Top 5 Best Personal Finance Apps
Keeping track of our finances and saving can be challenging. Between busy lives and packed schedules, somehow we're supposed to juggle bills, budgets, and savings too? Thank goodness for personal finance apps.
Keeping track of our finances and saving can become quite challenging! To top off our busy lives and schedules, somehow we’re supposed to manage bills, budgets, and savings? I think not! Thank goodness for Personal Finance Apps!
I’ve taken the liberty of putting together a list of the top 5 best personal finance apps that will help you succeed in managing your finances and reaching your financial goals! Heads up — the app landscape has shifted a lot in the last couple of years (a few of the old favorites shut down or got bought out), so this list is fully updated with what’s actually worth using today.
1. Credit Karma

I cannot recommend Credit Karma enough! I personally use this app very often when checking my credit score and have set up credit alerts to keep a close eye on my credit score. (Fun fact: when Mint — the old budgeting giant — shut down in early 2024, Intuit folded a lot of its features right into Credit Karma, so it does more than just credit scores now.)
It’s very interesting to dive deep into your financial history, and by doing so, may uncover items that you weren’t aware of or had even forgotten about. A bad credit score negatively affects your creditworthiness, so it’s always important to keep track of your score.
The app also provides great tips and tricks on how to improve your score, and also gives suggestions and recommendations on credit products based on your score.
2. Acorns

This app is almost a must for the beginner investor that wants to begin investing and take control of their finances.

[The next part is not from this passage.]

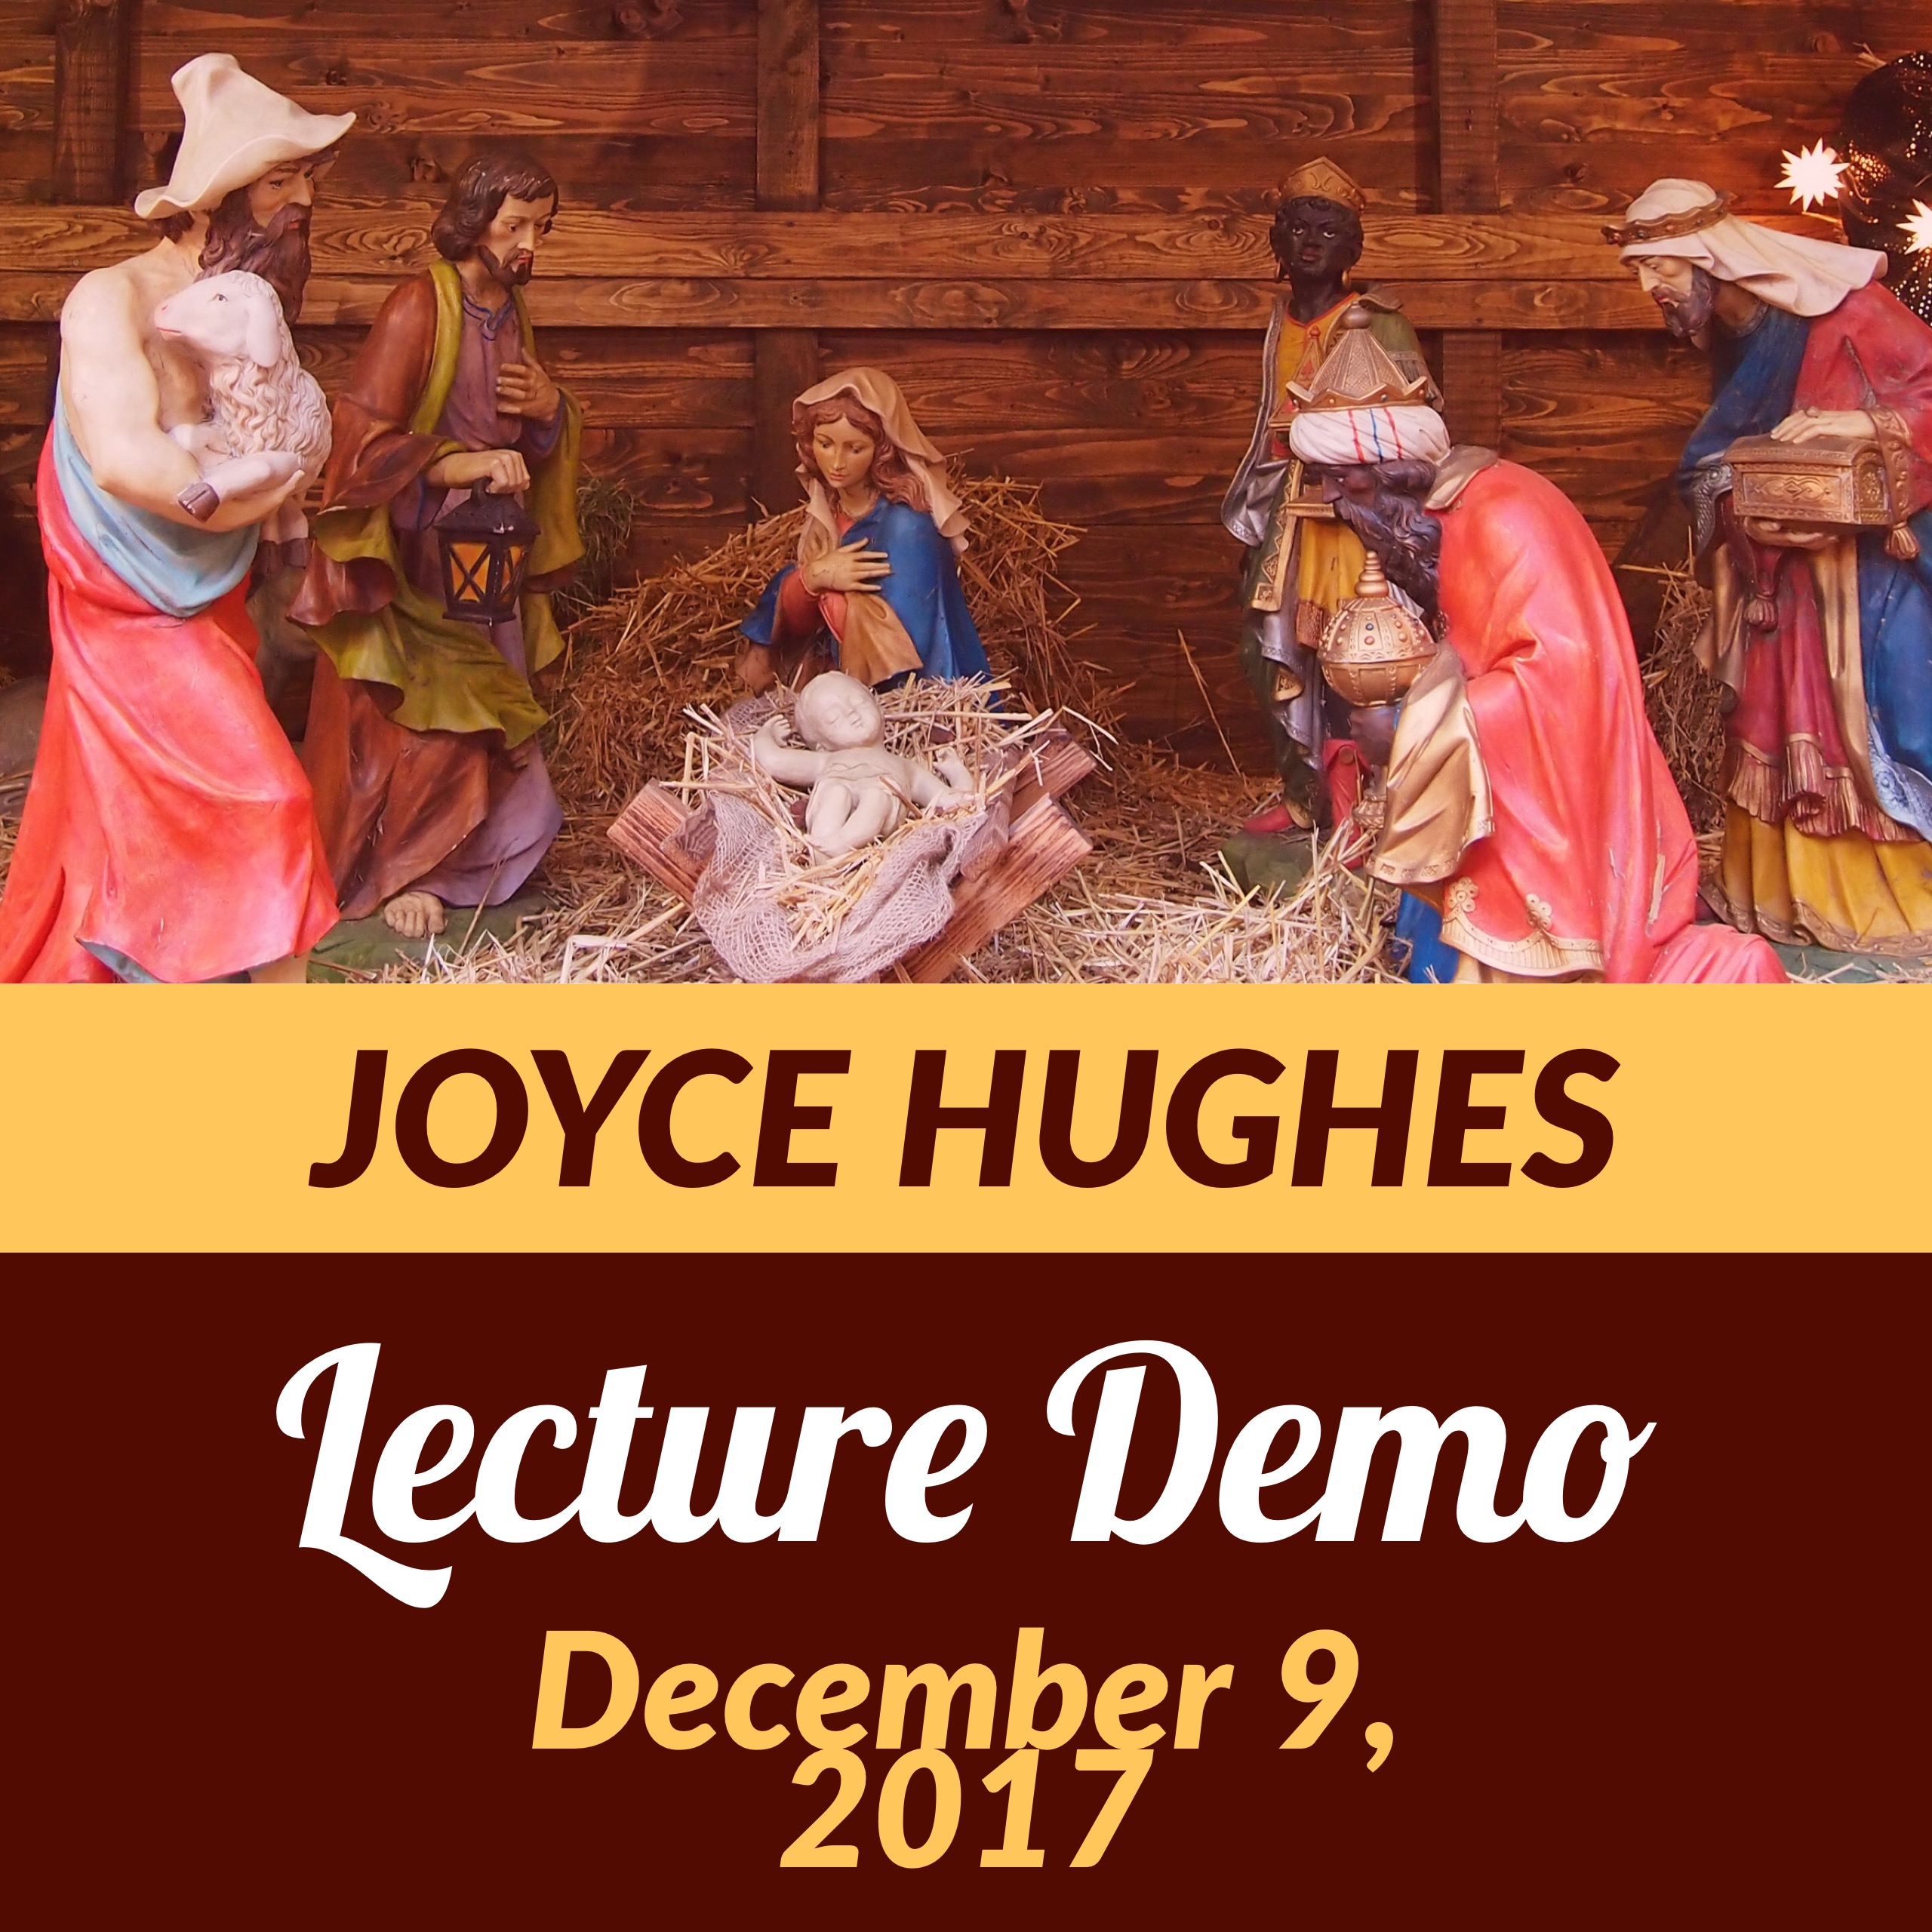 Joyce-Hughes-Lecture-Demo

The app is designed to invest very small amounts for you by rounding up to the nearest dollar whenever you make a purchase.
For example, if you spend $19.10, the app will take $0.90 and invest it for you! You can also customize how much it should take, and what portfolio you’re interested in investing in. Super easy to use for the beginner! Highly recommended.
3. Rocket Money (formerly Truebill)
Rocket Money is primarily focused on helping you keep track of bills and recurring charges, and letting you know when payments are due! I can say from personal experience that it’s easy to forget a bill or two — or a sneaky subscription you stopped using — when juggling tons of payments. (You might remember this app as Truebill; it got renamed to Rocket Money a few years back.)
The app connects to your accounts, tracks all your bills and subscriptions in one place, and flags when something is due. Its standout feature is spotting subscriptions you forgot about and even negotiating some of your bills down on your behalf.
From there, you get a clear picture of your recurring spending without having to log into a dozen different billers, making it super easy to avoid late payments, fees, and money quietly leaking out every month.
4. Empower (formerly Personal Capital)

I have written multiple articles and mentioned this one so many times, I think I should work for them or something! Ha! (Quick note: Personal Capital rebranded to Empower a while back — same powerful free dashboard, new name.)
This tool is completely free and connects to almost every single bank, retirement account, mortgage lender — you name it, it’s got it! It breaks down your spending, income, bills, and keeps track of your assets. Use it as an indicator of your current net worth.
You can use it to set a path for retirement and to plan large purchases or expenses like weddings, trips, etc, and it lets you know if you’re on track. And if you’d rather not hand a third party every login, we built our own free live money dashboard right here that tracks your net worth and budget — no account aggregation required. Either way, knowing your number is the whole game.
5. Monarch Money
For years this slot belonged to Mint — the most well-known budgeting app out there. But Intuit shut Mint down in early 2024, and the app most former Mint users flocked to is Monarch Money, so that’s who earns the #5 spot now.
Monarch allows you to connect your accounts and use that info to build a budget that actually fits your life. It lets you categorize expenses, track net worth, set goals, and get a clean overview of how your finances look every month. Unlike Mint, it’s subscription-based rather than ad-supported, which means no constant credit-card upsells cluttering your dashboard.
If you’re not ready to pay for a budgeting app, that’s exactly why we built our own free dashboard and a full set of free calculators — start there, and graduate to a paid app only if you want the automatic bank syncing.
Final Thoughts
I hope you like this curated list of the best personal finance apps and hopefully, they will make your financial goals come to life, and make life a little simpler!
An app on its own is just part of the arsenal. One more very important piece is to actually budget your finances! Start with our beginner’s guide to budgeting, then put real numbers to your goals with our savings goal calculator and emergency fund calculator — all free, no app download required.
Whichever app you land on, the tool matters less than the habit. Pick one, connect your accounts, and check in weekly. That’s the whole secret. :)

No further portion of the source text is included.